Imambayildi
EGGPLANT with OLIVE OIL
5 Servings
1 and 1/2 tea cups water
1 medium tomato
3 cloves of garlic
3/4 glass of olive oil
5 medium eggplants
5 not too large onions
chopped parsley, salt to taste
Remove the stems of the eggplants leaving 2 cm remaining. Peel the eggplant leaving length-wise bands 2 cm wide (to prevent the eggplant from crumbling while cooking). Cook them in olive oil, turning them on all sides. (They may be previously treated with salt to prevent them from absorbing too much oil while being cooked).
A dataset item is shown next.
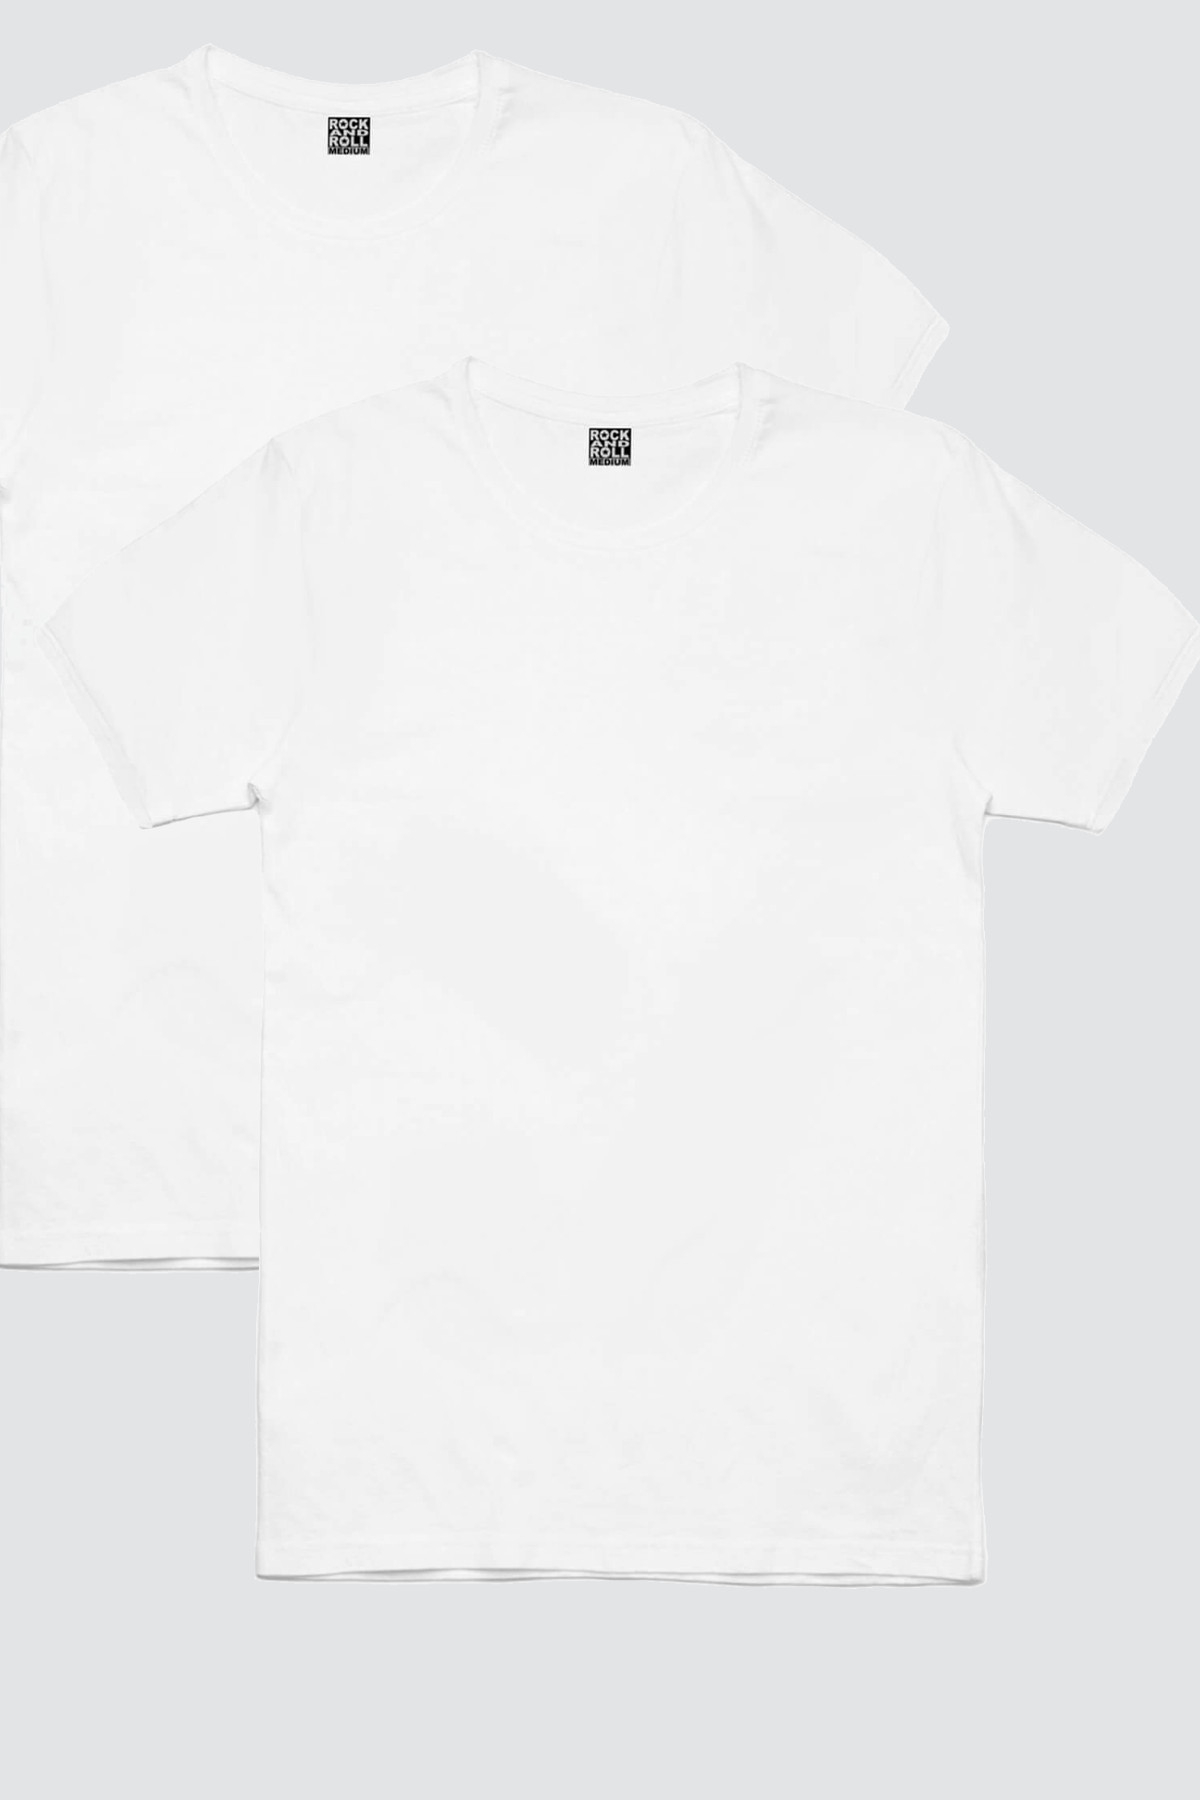 Düz, Baskısız Beyaz Kadın 2'li Eko Paket T-shirt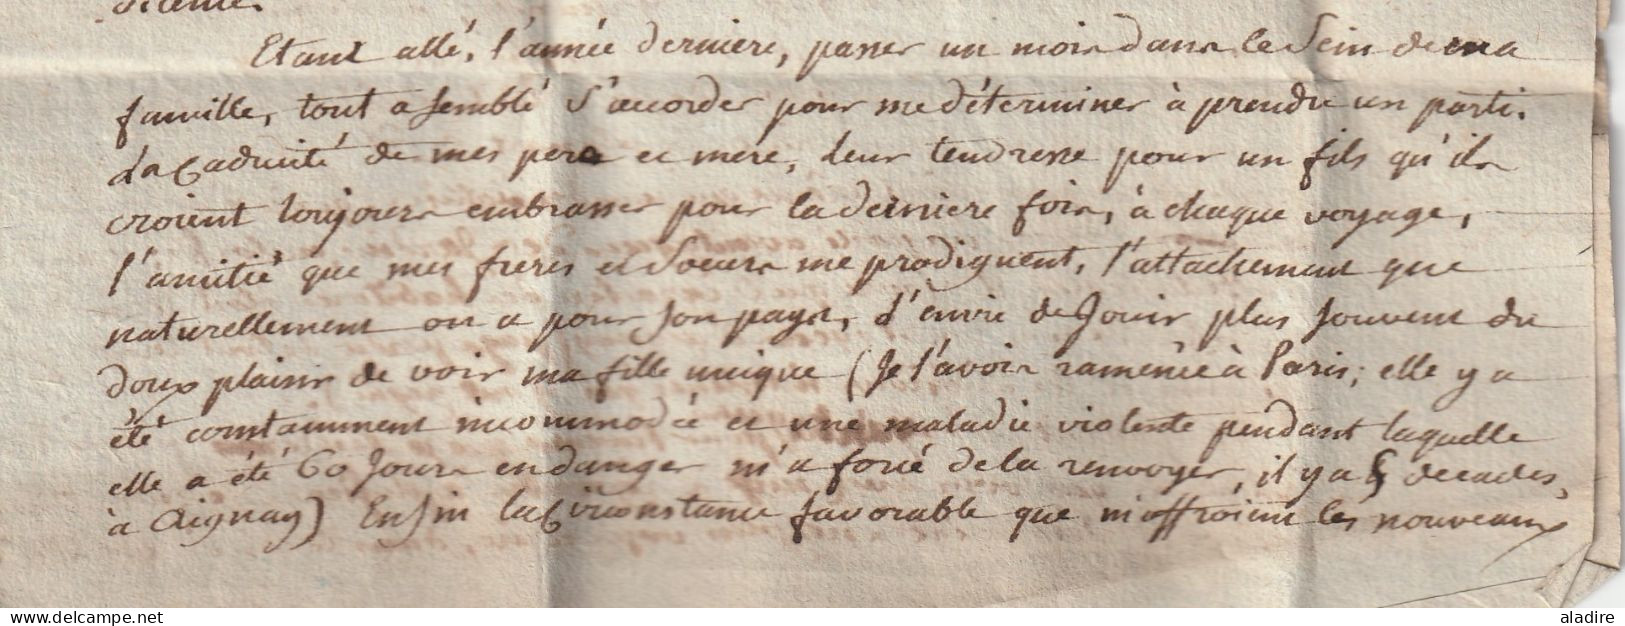 1797 - lettre pliée avec corresp serrée de 3 pages en PORT PAYE de PARIS vers Noyers, Yonne - 1ère République

In a frying pan, brown the onion which has been cut into very fine rings, and the garlic cut into small pieces. When the onion and garlic begin to turn brown, add the chopped parsley. Place the eggplants side by side in a baking dish or in. a large cake mold. Split the eggplants lengthwise and remove some of the seeds if necessary, spreading the two halves apart. In the cavity, put the mixture of garlic, onion and cooked parsley. Garnish each eggplant with a tomato ring.
Place the remaining oil on the bottom of the dish or mold, (if none remains, make a sauce with 2 or 3 tomatoes). Place in a warm oven for 20 minutes. Serve when cool.